Он сидит по ту сторону костра: маленький, лысый, сердитый. В пальцах — щепка. Персей крошит ее, превращая в труху. Под черными, пронзительными глазами залегли тени. Раньше, при жизни, их не было. Дед злится, дед не может выбрать, что ему делать: пойти зарезать Птерелая Неуязвимого — или дать оплеуху глупому внуку.
«Почему оплошал?» — повторяет дед.
— Я не смог убить Птерелая.
«С каких пор дело героя — убивать?»
— А что делает герой?
«Идет, когда вокруг стоят. Встает, когда все боятся. Дело героя — его дело. И не думай, что после смерти я сошел с ума.»
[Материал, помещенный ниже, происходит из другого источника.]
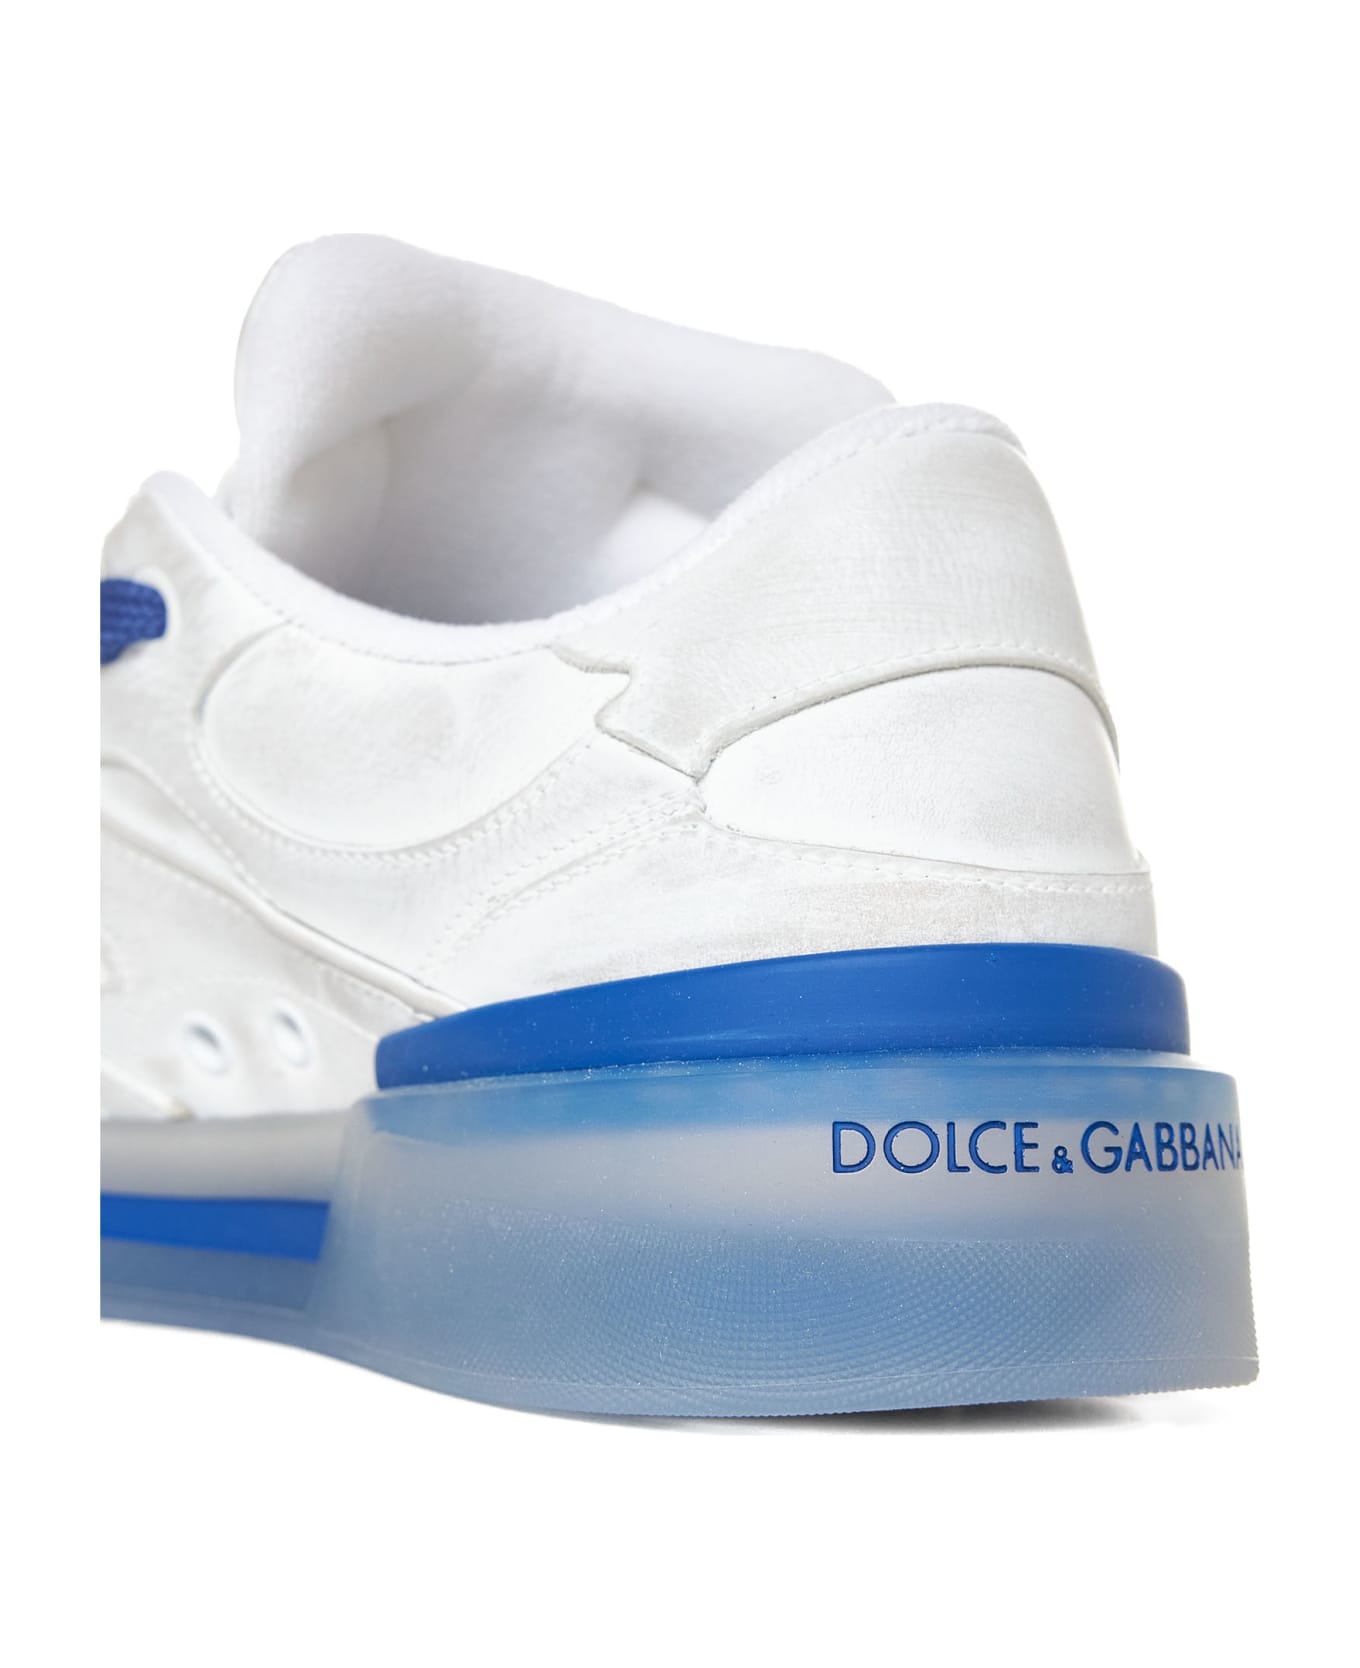 Dolce & Gabbana Sneakers - Bianco/bluette スニーカー

— Мое дело — убить Птерелая!
«Нет. Твое дело — исполнить клятву. Продолжить наш род. Смерть Птерелая — не дело. Это лишь средство выполнения клятвы. Залог продолжения рода. Я мало бил тебя в детстве. А может быть, мало любил. Ты вырос слепым.»
Искры вьются вокруг деда огненной мошкарой. Кружатся роем падучих звезд. Очень хочется бросить взгляд в небо. Удостовериться: на месте ли созвездие Персея? Но страшно: отвлекись, и дед исчезнет.
— Средство? Залог?!
«Разумеется. Птерелай — не цель. Препятствие на пути к цели. Преодолей, и иди дальше. Или сломай шею, и останься на месте. В любом случае, препятствие не станет целью.»
— Я пытался…
«Пытался? Делай.»
— Значит, сражайся?
«Ты знаешь другой способ достичь цели?»
«…я бил его. Копьем, мечом, кулаком, — вспомнились Амфитриону давние слова деда. — Метал в него дротики. А он исчезал в последний момент. И смеялся надо мной. Однажды я взбесился. Я забыл, кто он. И швырнул камень не в бога, а в цель. Камень рассек ему щеку…»
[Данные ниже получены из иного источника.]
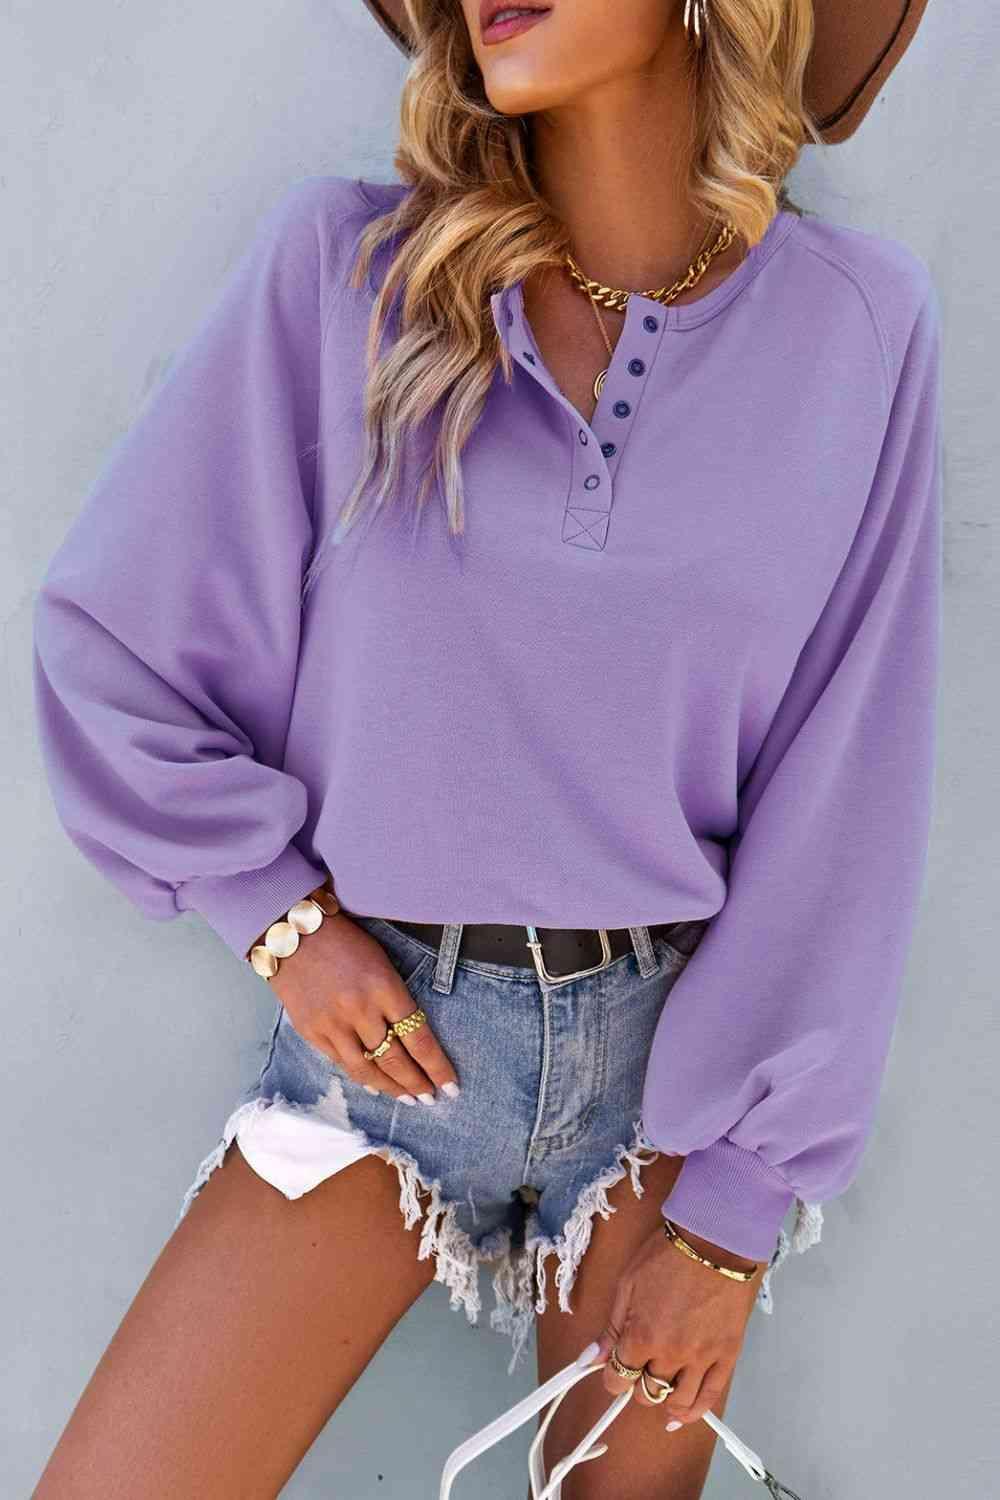 a woman wearing a purple shirt and denim shorts

— Ты попал в бога камнем. Тем оружием, которое у тебя было.
«Своим оружием,» — поправляет дед.
— Хорошо, своим. Копье — мое оружие?
Тяжесть кизилового древка. Острый наконечник. Взмах; полет. Солнечный луч путается в кудрях Крыла Народа. Золотая нить впивается в глаза…
«Ты метнул копье — и промахнулся. У тебя больше нет копья.»
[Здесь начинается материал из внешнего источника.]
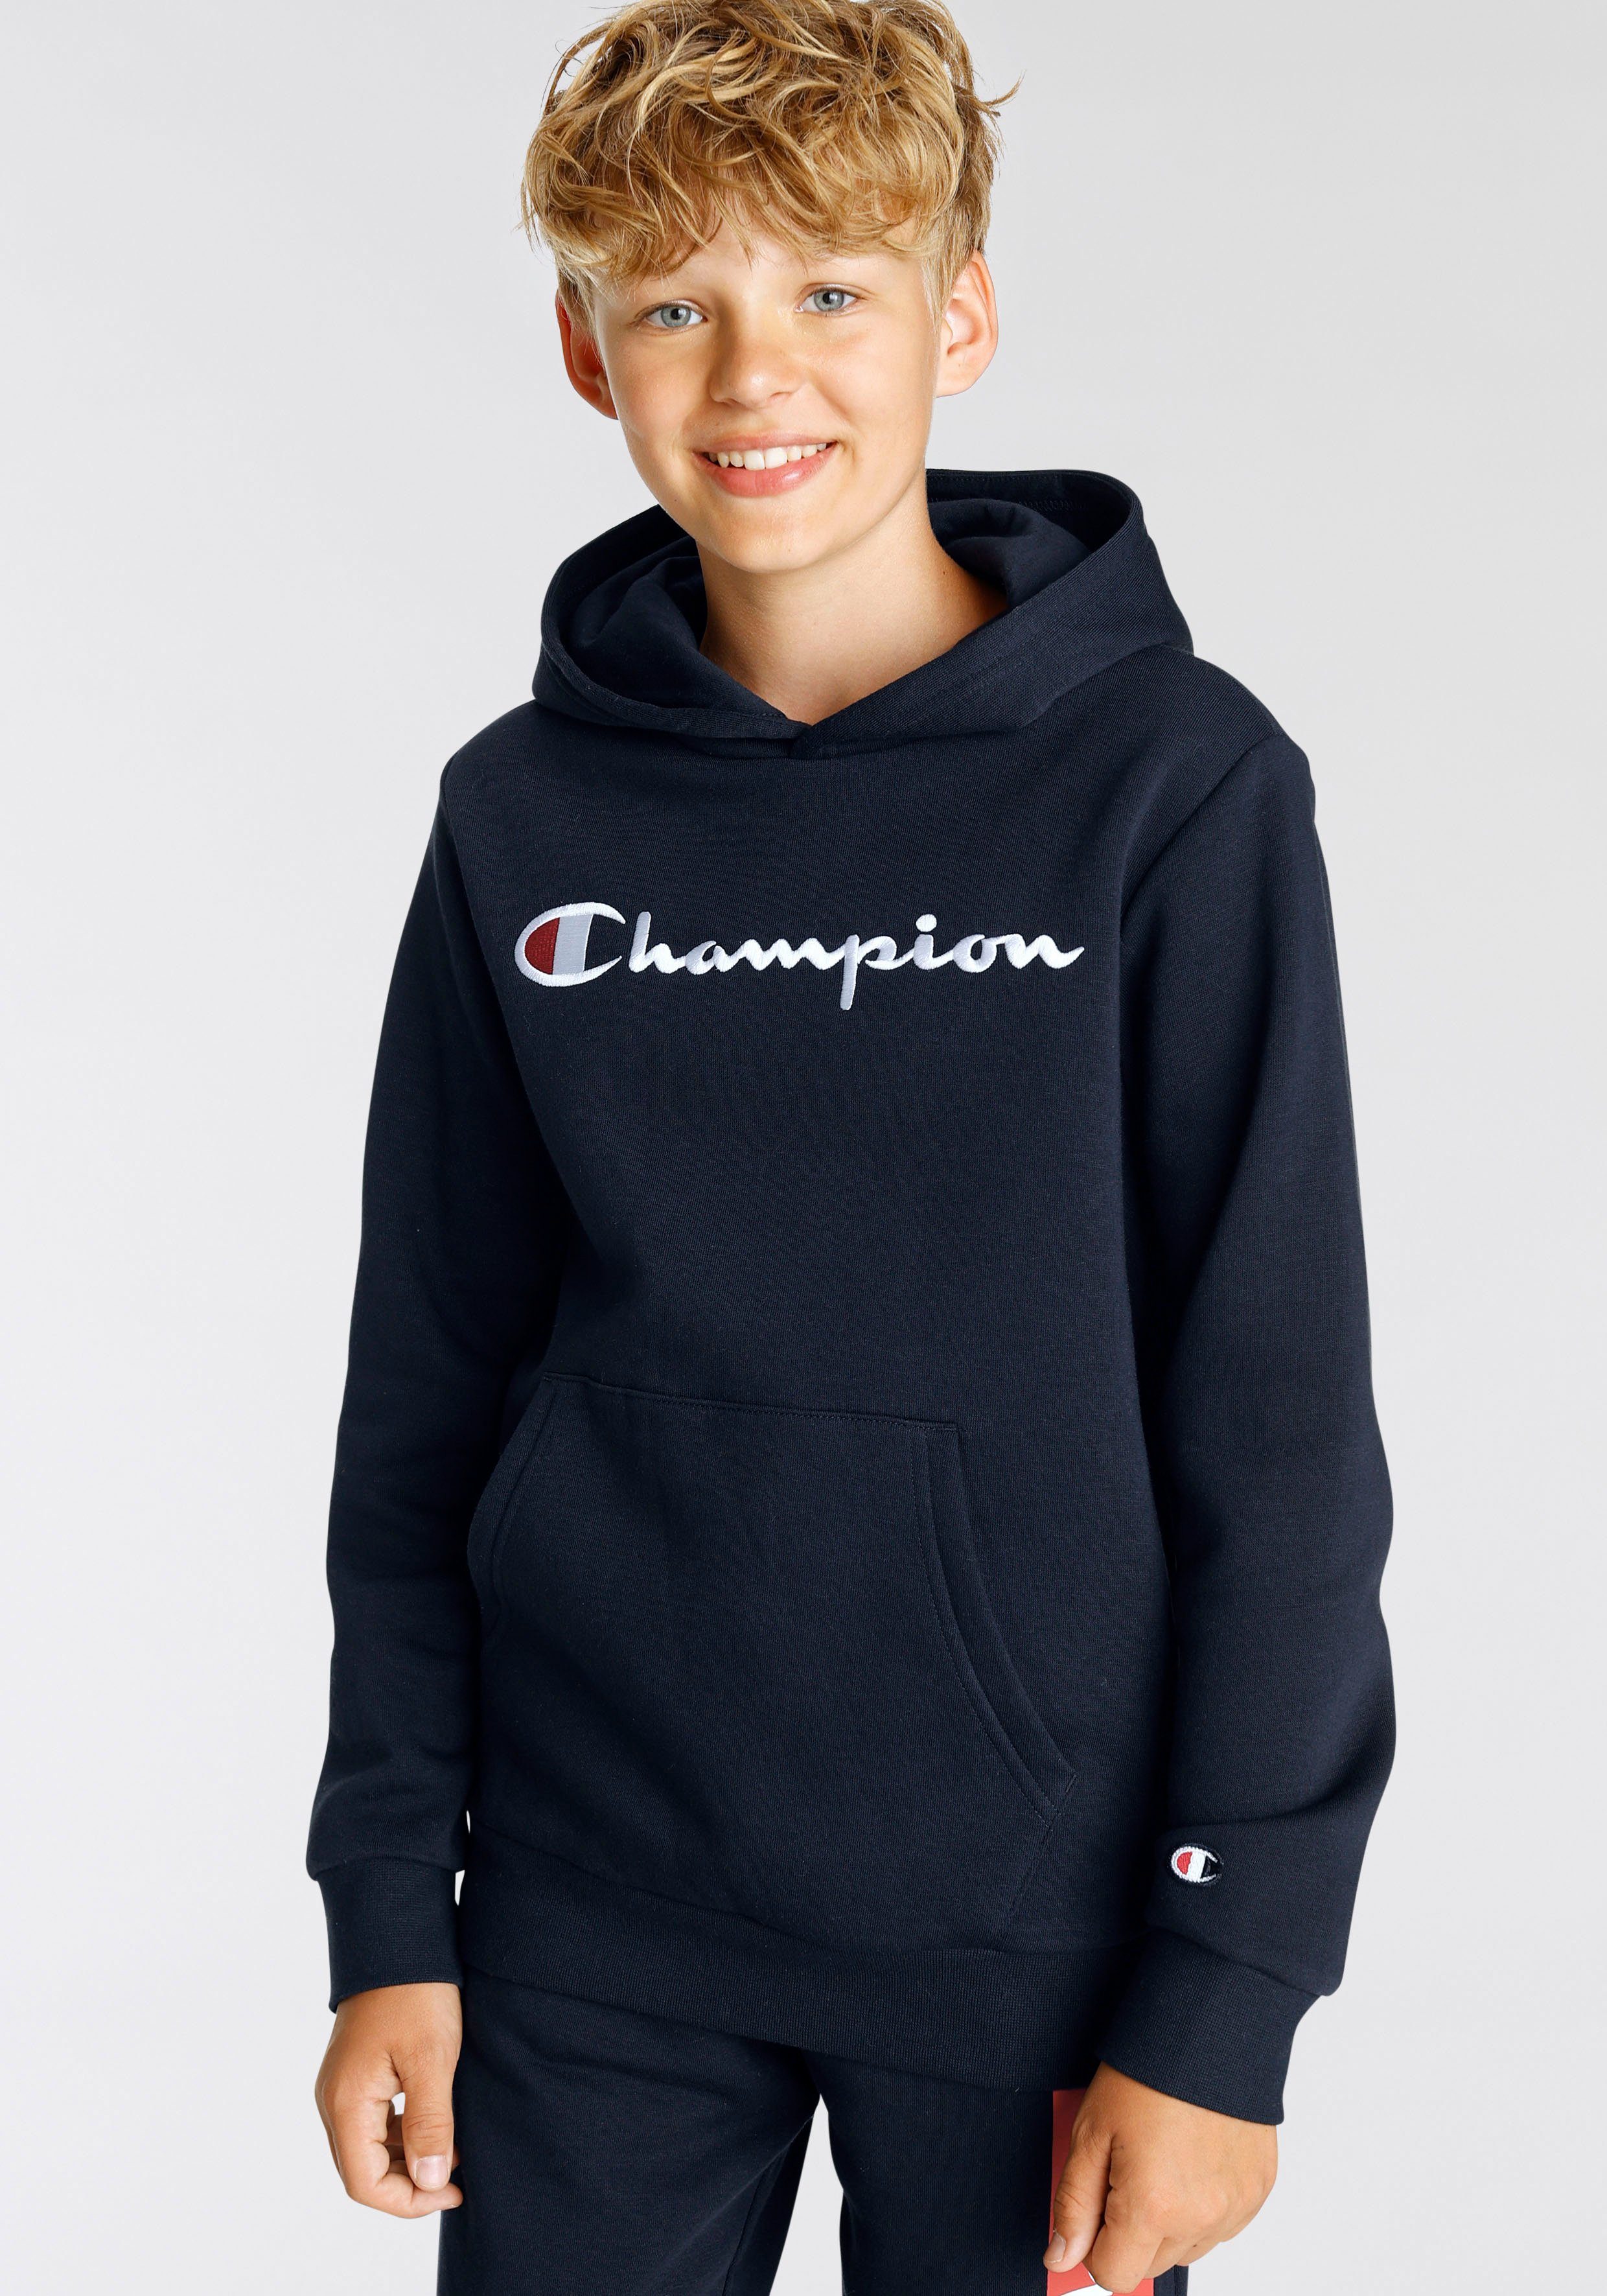 Champion Sweatshirt Classic Hooded Sweatshirt large Logo - für Kinder marine | Sweatshirts

— Меч? Биться лицом к лицу, чтоб наверняка?
«У меня был замечательный меч. Помнишь? Сейчас у меня нет меча. Можешь ли ты сказать, что я безоружен?»
— Я дрался Тритоном…
«Птерелай сражался сыном, а ты — всего лишь Тритоном. Тритона нет, Эвер ранен. Что осталось?»
— Кулаки? Зубы?
«Руки сломаны. Зубы выбиты. Что осталось?
— Остался я. Амфитрион, сын Алкея.
Дед улыбается.
«Знаешь, я очень любил ее. Твою бабку. Мало кто видел это. Но она знала. Когда я понял, что наш первенец — калека… Я забыл это слово: «калека». Я стер его в порошок. Никогда я не опускался до жалости. Твой отец вырос сильным и мудрым. Он был богаче меня: я вырос только сильным. Зато со Сфенелом я, похоже, дал маху…»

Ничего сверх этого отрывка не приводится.